— Ну, что, мужичонка, смотришь? — сказал Фатеич. — Ишь как фрицы рассопливились, посинели, а наш народишко в полушубочках, устали малость, на отдых идут.
Немцы, сизые и сопливые, скорченные, в страхе затоптались, поглядывая на наших, но их капитан, — без шинели, совсем замерзший, — сверкнул дерзко глазами и коротко скомандовал:
— Вперед! — А поравнявшись с нами, приложил два пальца к козырьку.
— Видал, а? У, зверюга, — рассвирепел Фатеич, — сколько он наших душ загубил. А? А? Вот кого расшлепать бы. А? А?
Я улыбался, представив Фатеича в роли палача, но его свистящее учащенное дыхание и это «А?», которое он приставлял к каждой фразе, и слово «расшлепать», произнесенное с патологическим смаком, насторожили меня. Когда ж голова колонны пехотинцев поравнялась с последними немцами, там что-то произошло: то и дело выбегали из строя пехотинцы, мелькали кулаки, приклады, каски — кого-то били. Конвоиры отталкивали, держа винтовки поперек груди. Долетали крик, мат. А Фатеич напомнил зверя, который ел и пил из рук и спал вместе с человеком, но, почуяв кровь, стал иным, чужим и непредсказуемым. Его побелевшие губы беззвучно шевелились, но я уловил единственное слово, которое заставило меня побледнеть и нашаривать рукой железо.

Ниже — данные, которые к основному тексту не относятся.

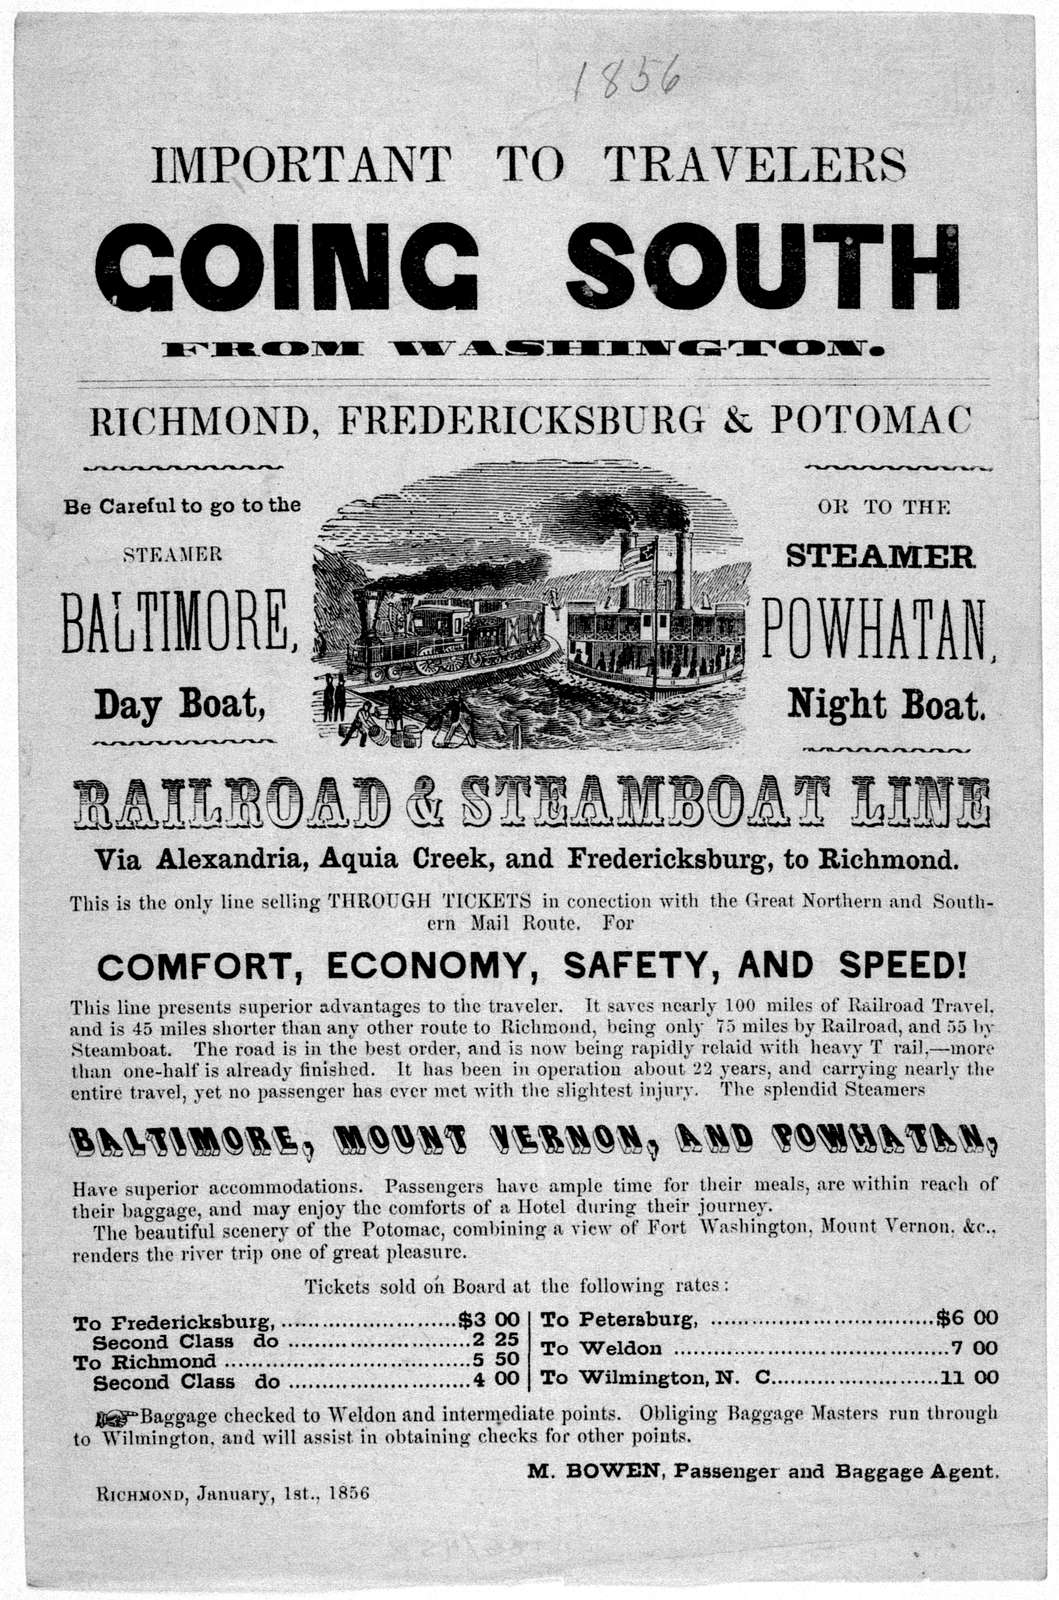 Important to travelers going South from Washington. Richmond, Fredericksburg & Potomac. ... Railroad & steamboat line via Alexandria Aquia Creek and Fredericksburg to Richmond ... Richmond, January 1st, 1856.

— Власовцы, а? Власовцы, а? — повторял Фатеич. И тогда я понял все — и этот день, и смутный страх, и в голове заворошилось единственное: что делать? Что делать? В том, что Ванюшка там, я не сомневался, а вокруг — сведенные скулы, окаменелые взгляды, в них одно — смерть. Но должен же быть хоть один человек!
Я как можно мягче позвал:
— Фатеич! — и потянул за рукав.
Он медленно отвел руку, не отрывая взгляда от хвоста колонны, от двух, будто освежеванных, красных живых манекенов. Они ходульно переступали, а их кроваво-лаковые мундиры задубели на морозе. Мой взгляд бегал по окровавленным лицам, по вывернутым, будто раковины, губам, по опухшим щелочкам глаз и не мог остановиться. Ротный направил битюга, и конвоиры под его лепной грудью попятились, немцы расползлись и попадали в снег. Ротный ударил противогазной сумкой, в ней хлопнуло, потекло, и запахло самогоном.
— Сволочь… — взревел ротный, — самогон пропал.
На лицах солдат всплеск ужаса, горечь утраты и теперь уж беспощадная ярость. Чаще замелькали кулаки, громче мат, с единственно понятным словом «самогон». И когда круп с заплетенным в репу хвостом вынес ротного, на снегу ворочалось нечто страшное, лаково-кровавое.
Я взял снова за руку своего друга, она была чугунно-напряженной.
— Фатеич! — крикнул я в его приплюснутое ухо. Он не слышал. Его смертельно бледное лицо пошло разводами. За матовыми в испарине очками не видно было глаз. И я, обескураженный, соображал: что происходит с добрым, заигрывающим со мной Фатеичем?
Я опять потянул за рукав и хотел уж было поговорить о Ванятке, но Фатеич отдернул руку и неожиданно визгливо закричал, да притом на «вы».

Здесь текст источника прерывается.